| Aim of the exercise |
Leaving out all pictures, write down exactly the lines from the one containing "Publishers’ Circular (1880-1890): jS" through the last line of the material.

| Data excerpt |
_ _ _ _ _

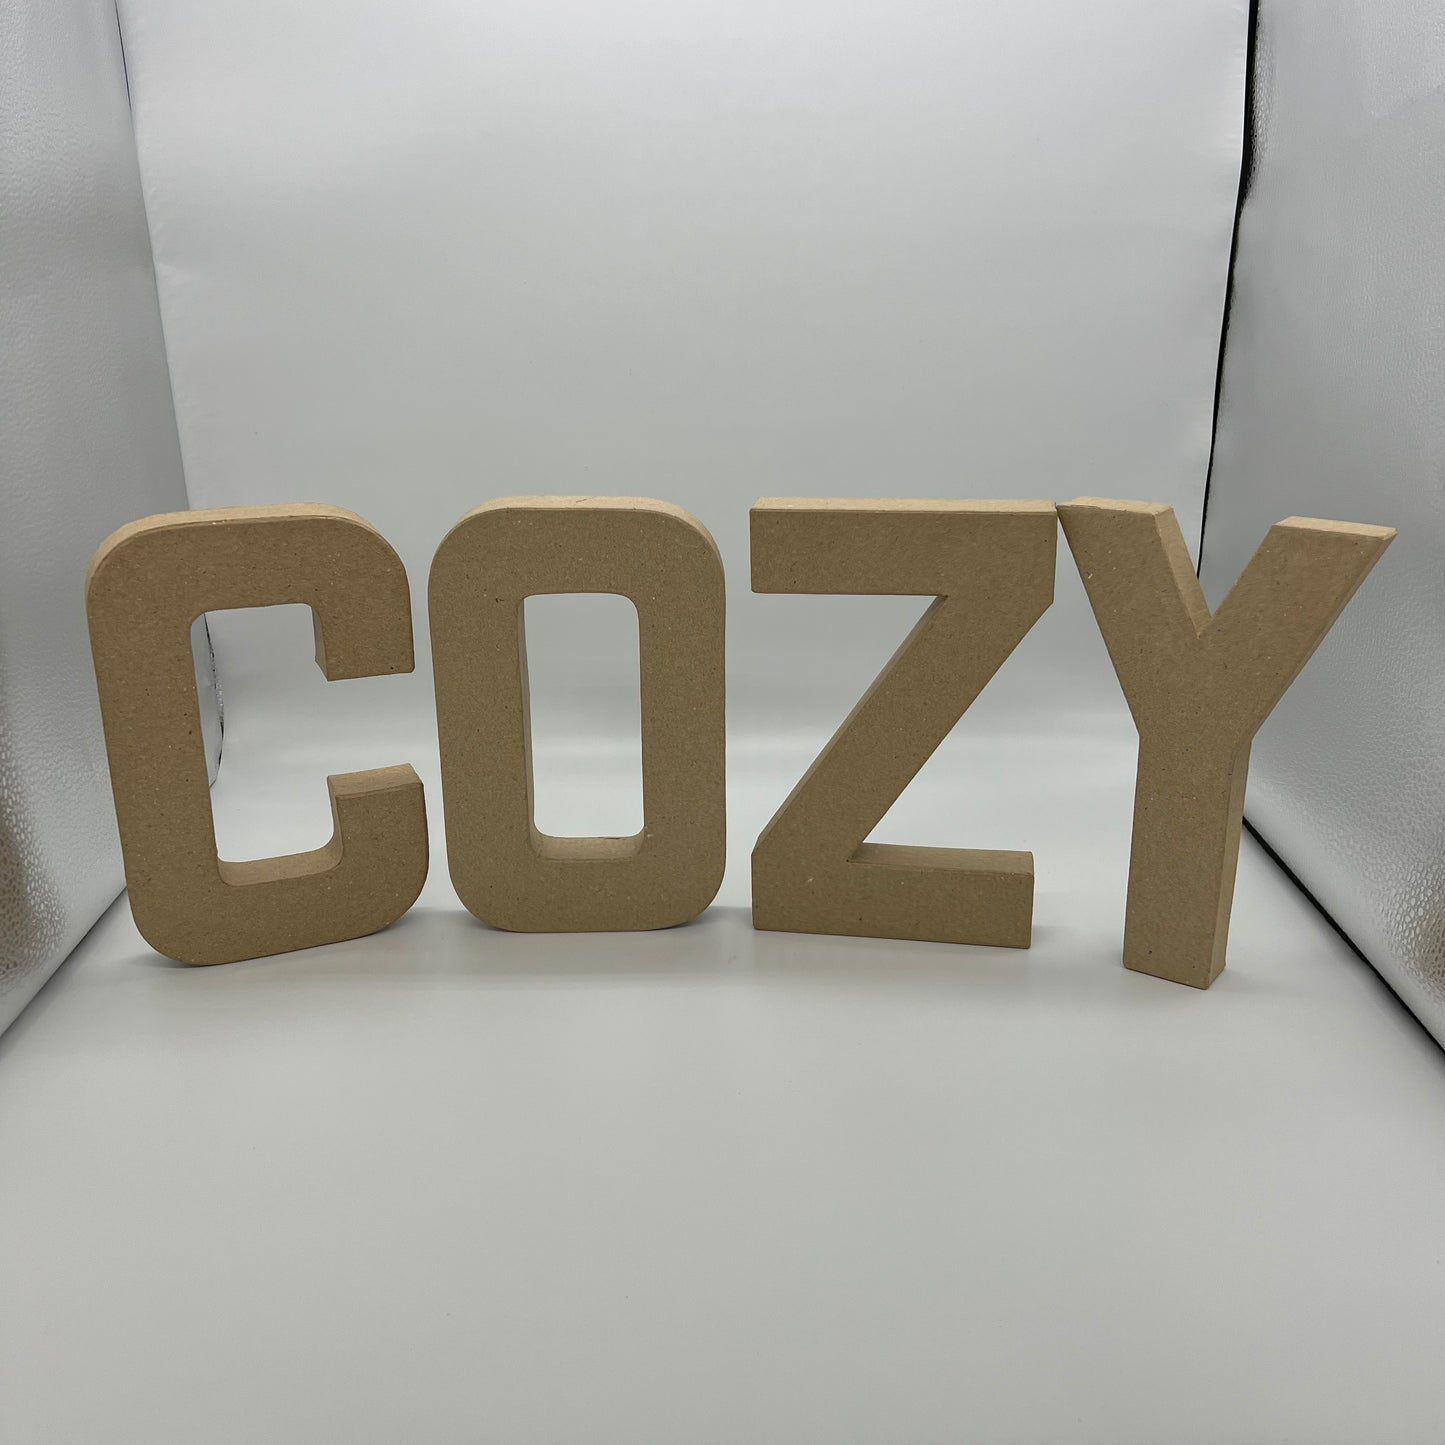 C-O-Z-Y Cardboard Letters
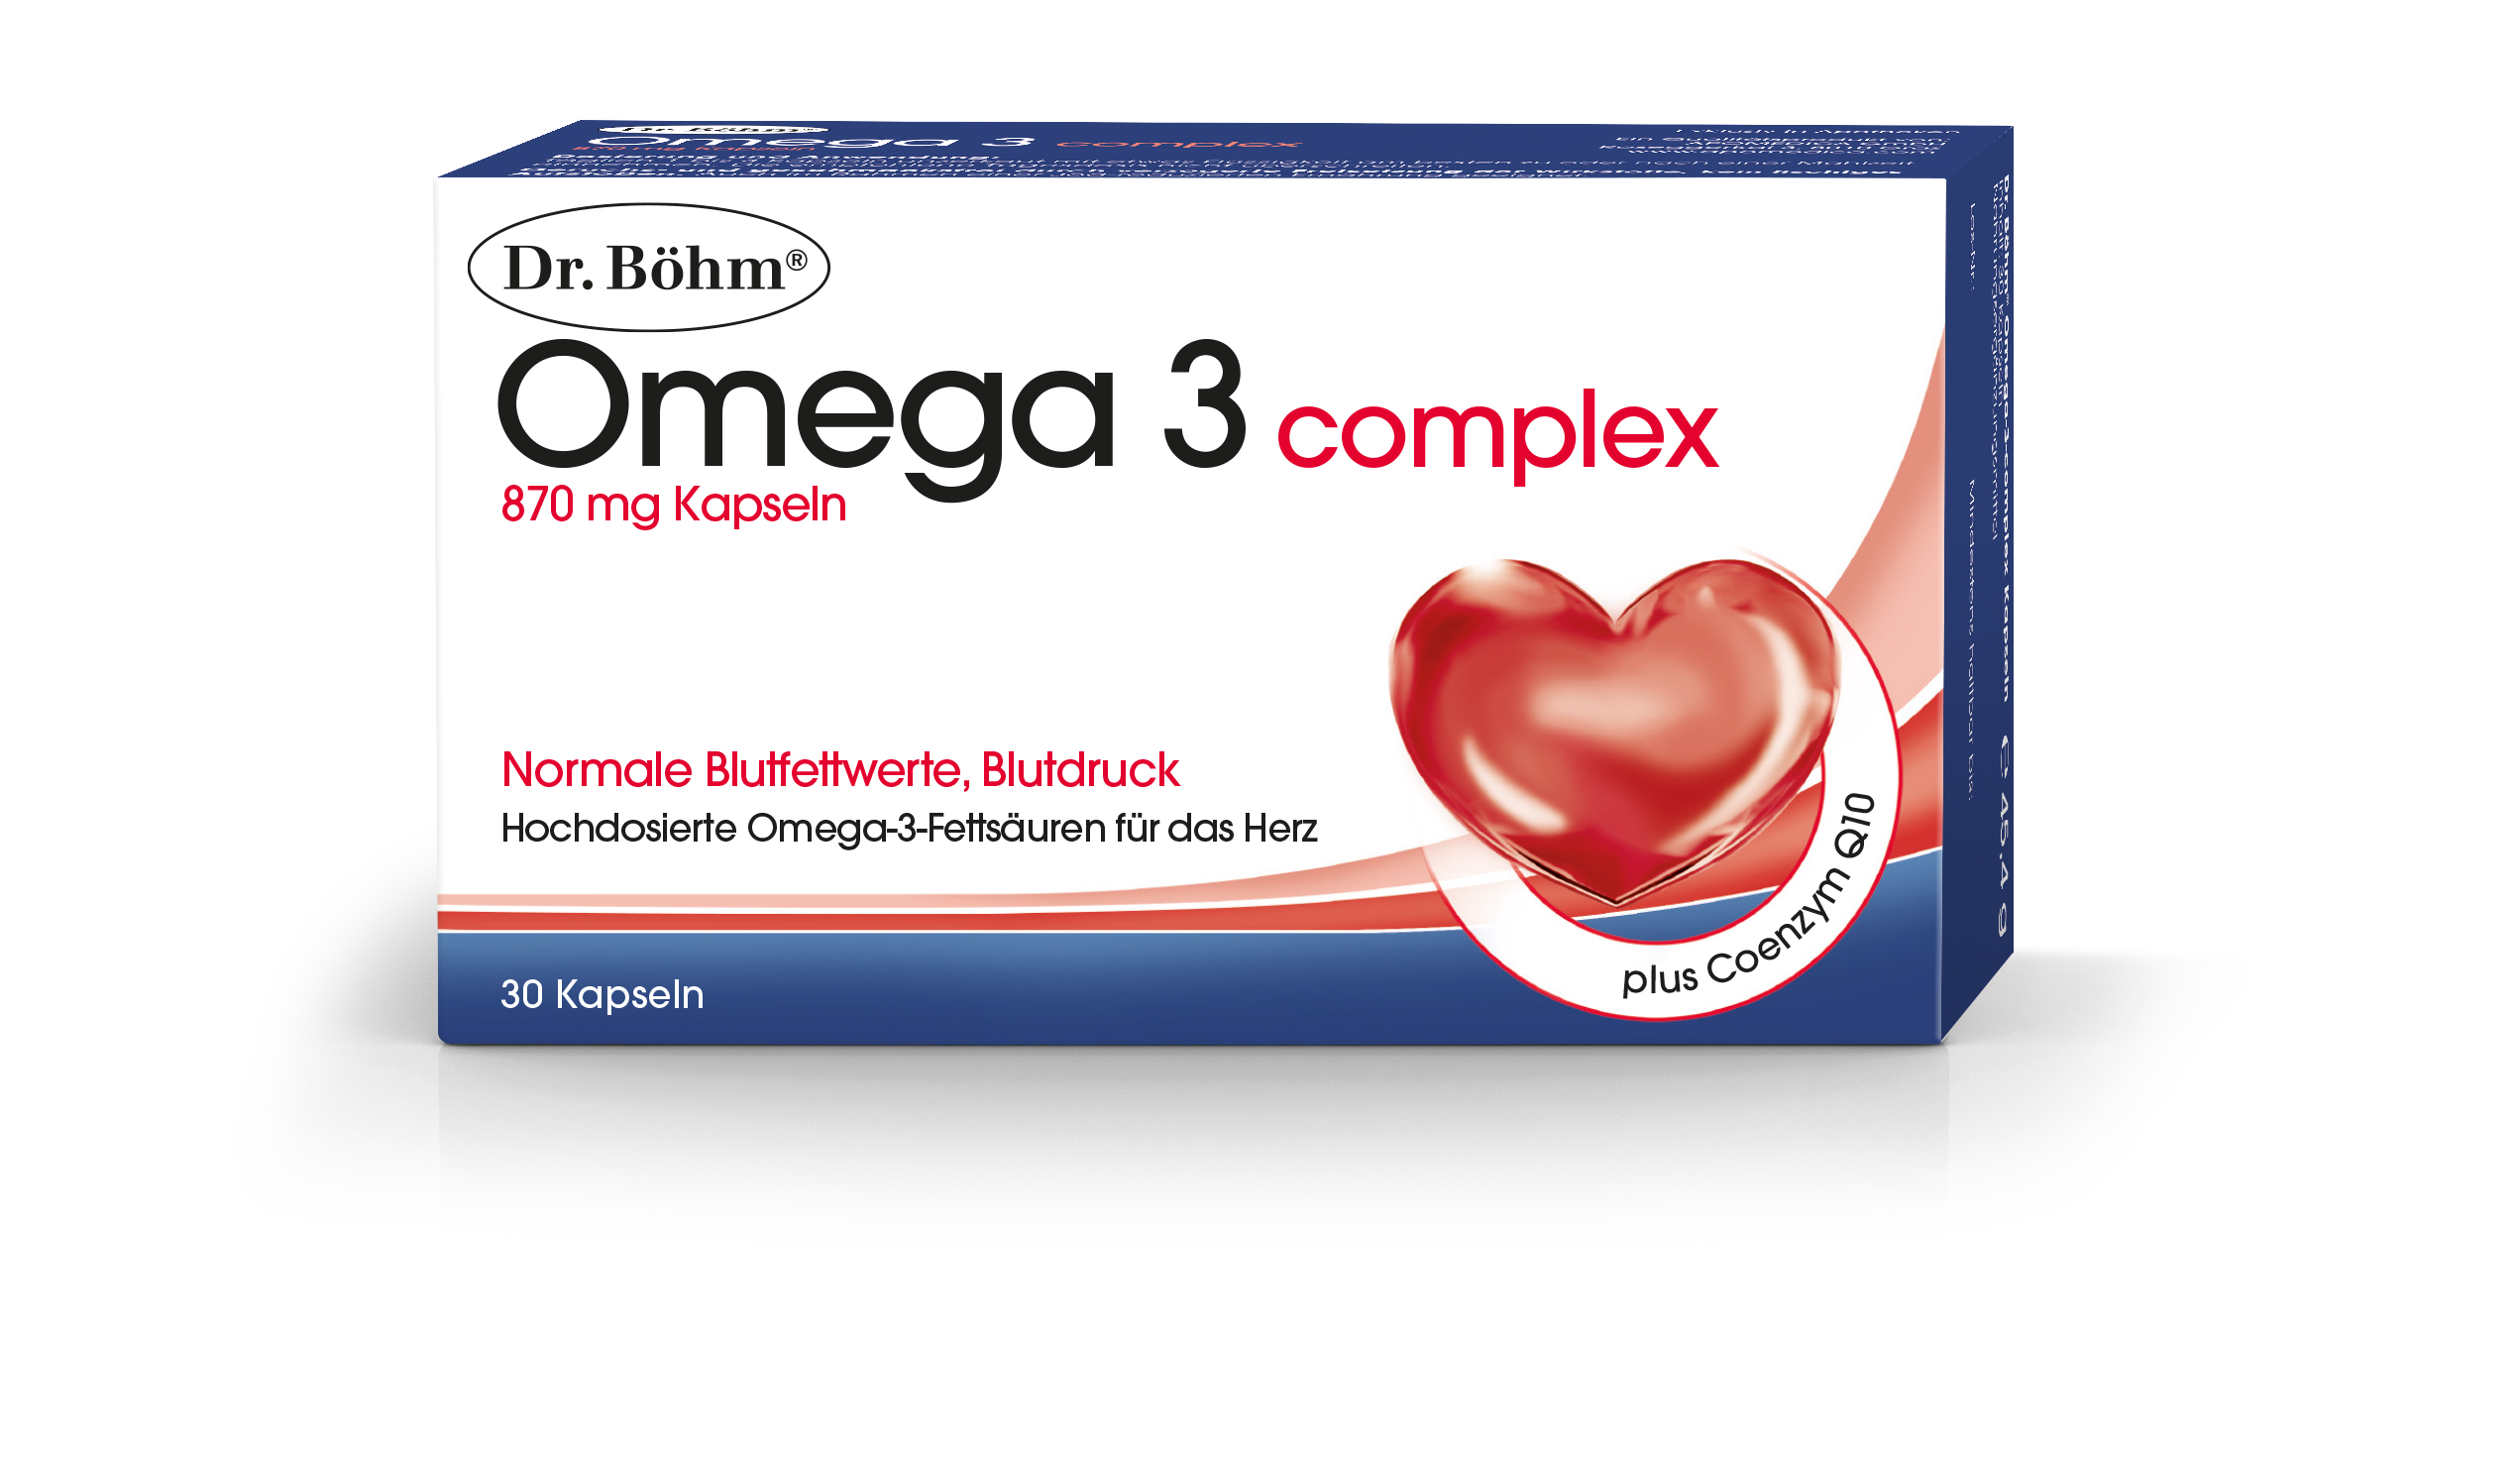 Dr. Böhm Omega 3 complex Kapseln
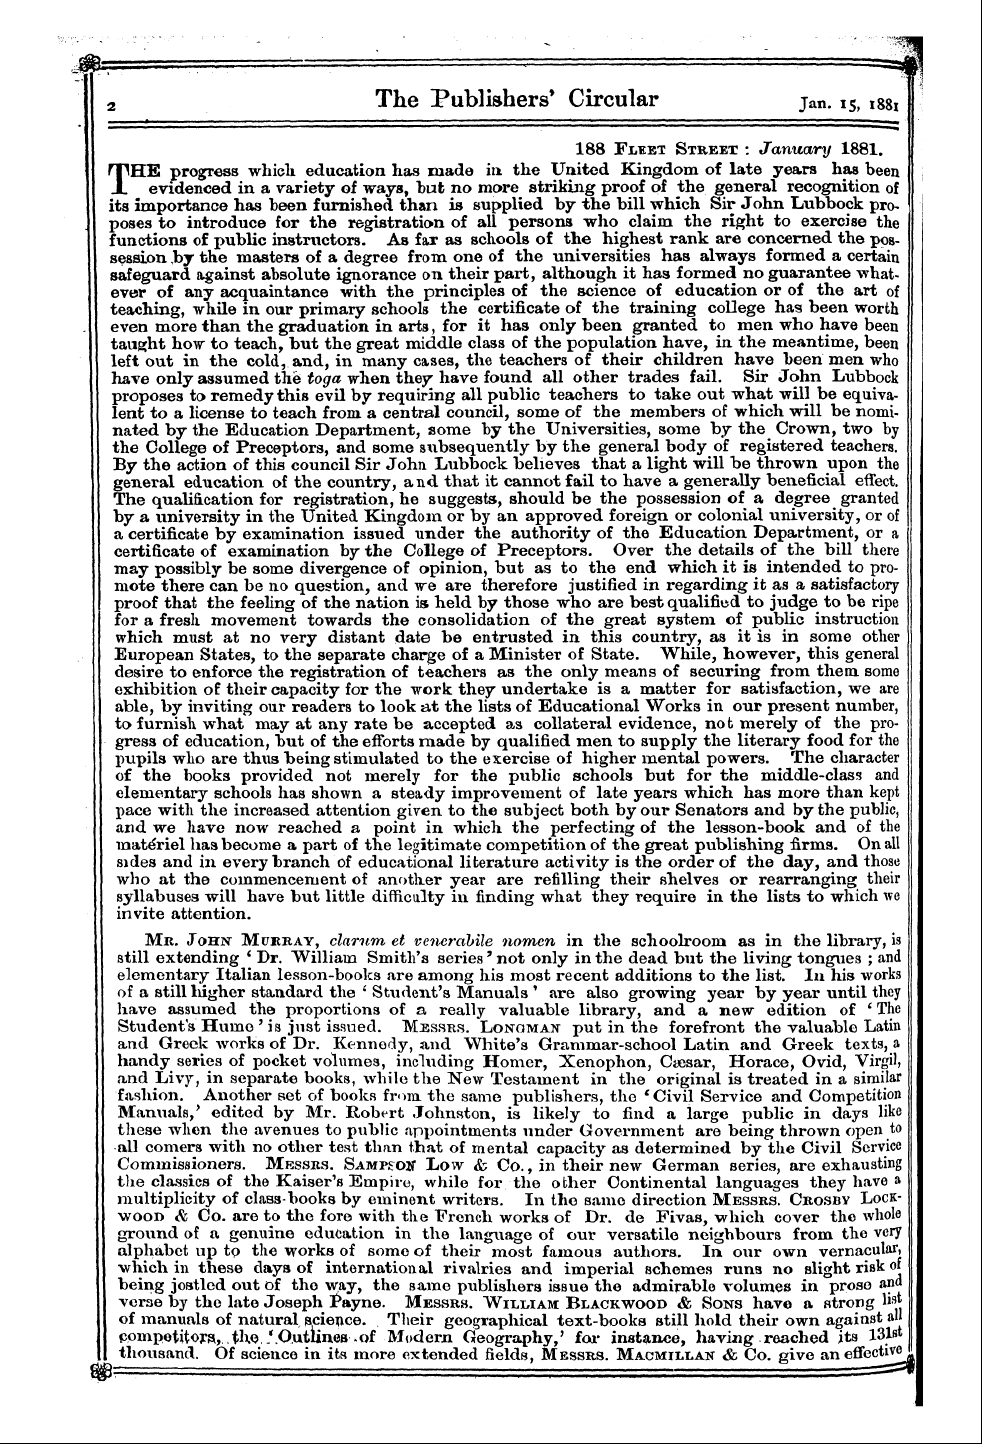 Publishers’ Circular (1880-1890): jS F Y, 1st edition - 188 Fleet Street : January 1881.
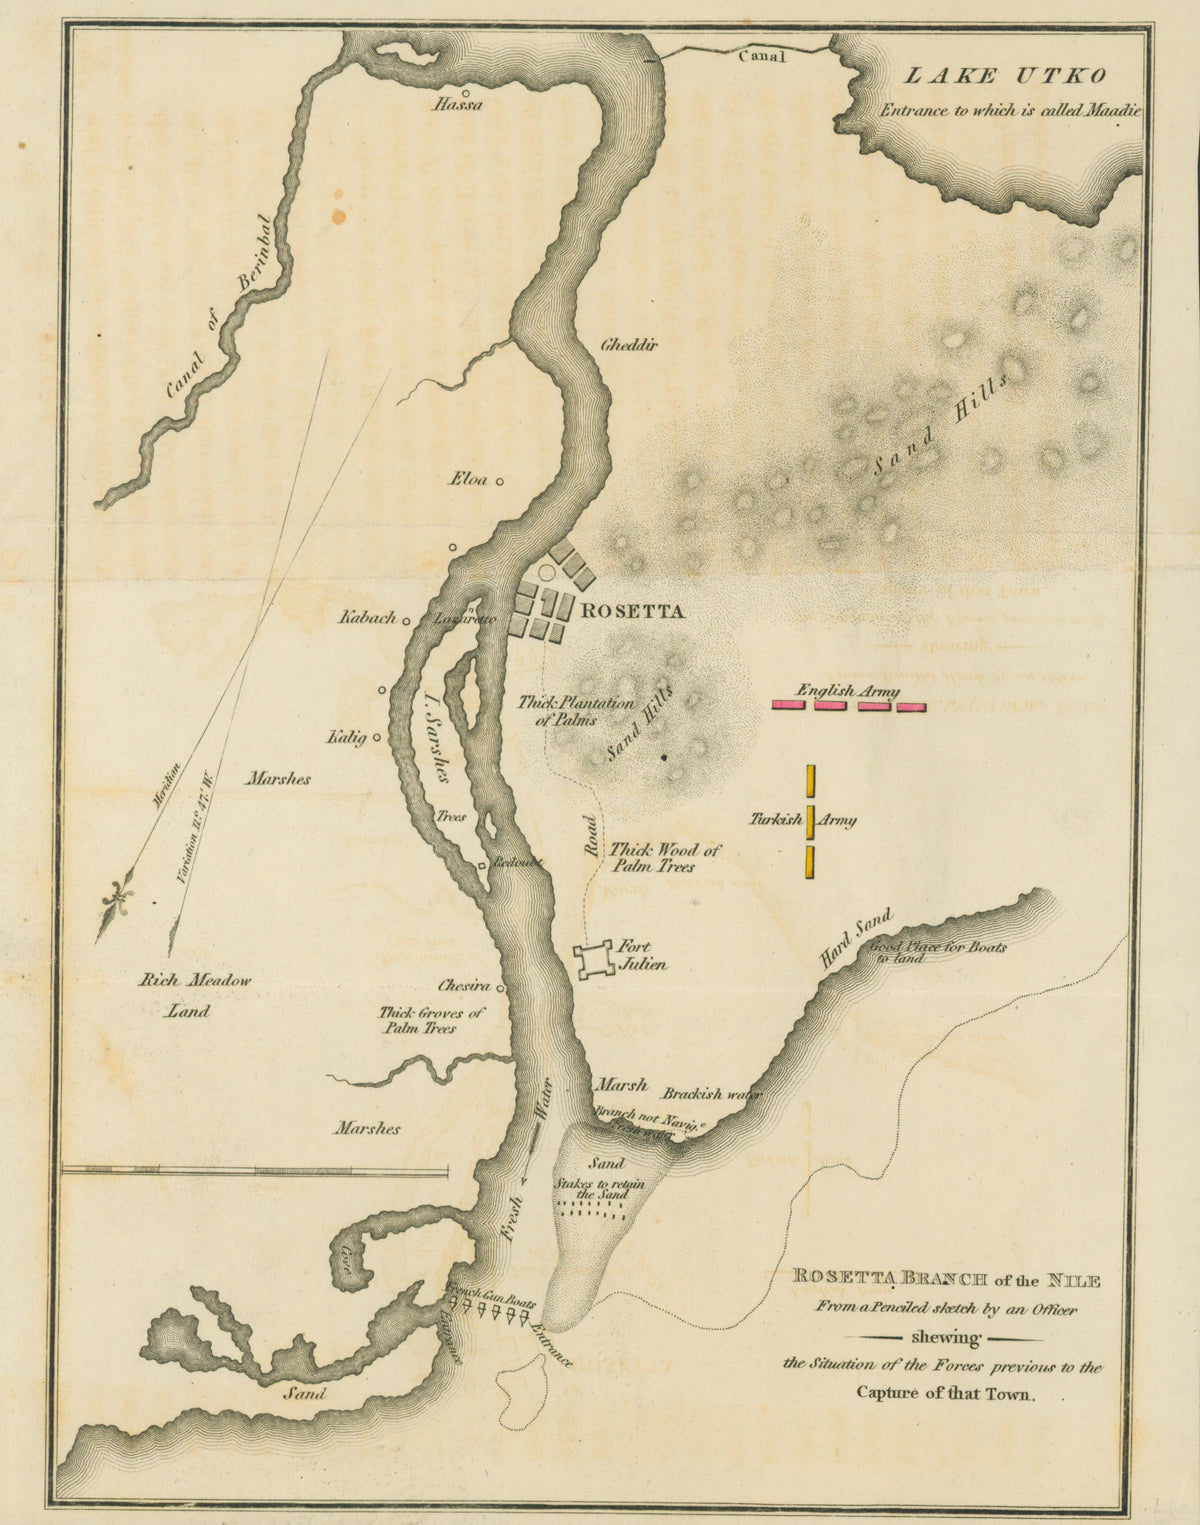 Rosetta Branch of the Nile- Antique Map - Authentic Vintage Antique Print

_ _ _ _ _

| Reply |
 Publishers’ Circular (1880-1890): jS F Y, 1st edition - 188 Fleet Street : January 1881.
 Rosetta Branch of the Nile- Antique Map - Authentic Vintage Antique Print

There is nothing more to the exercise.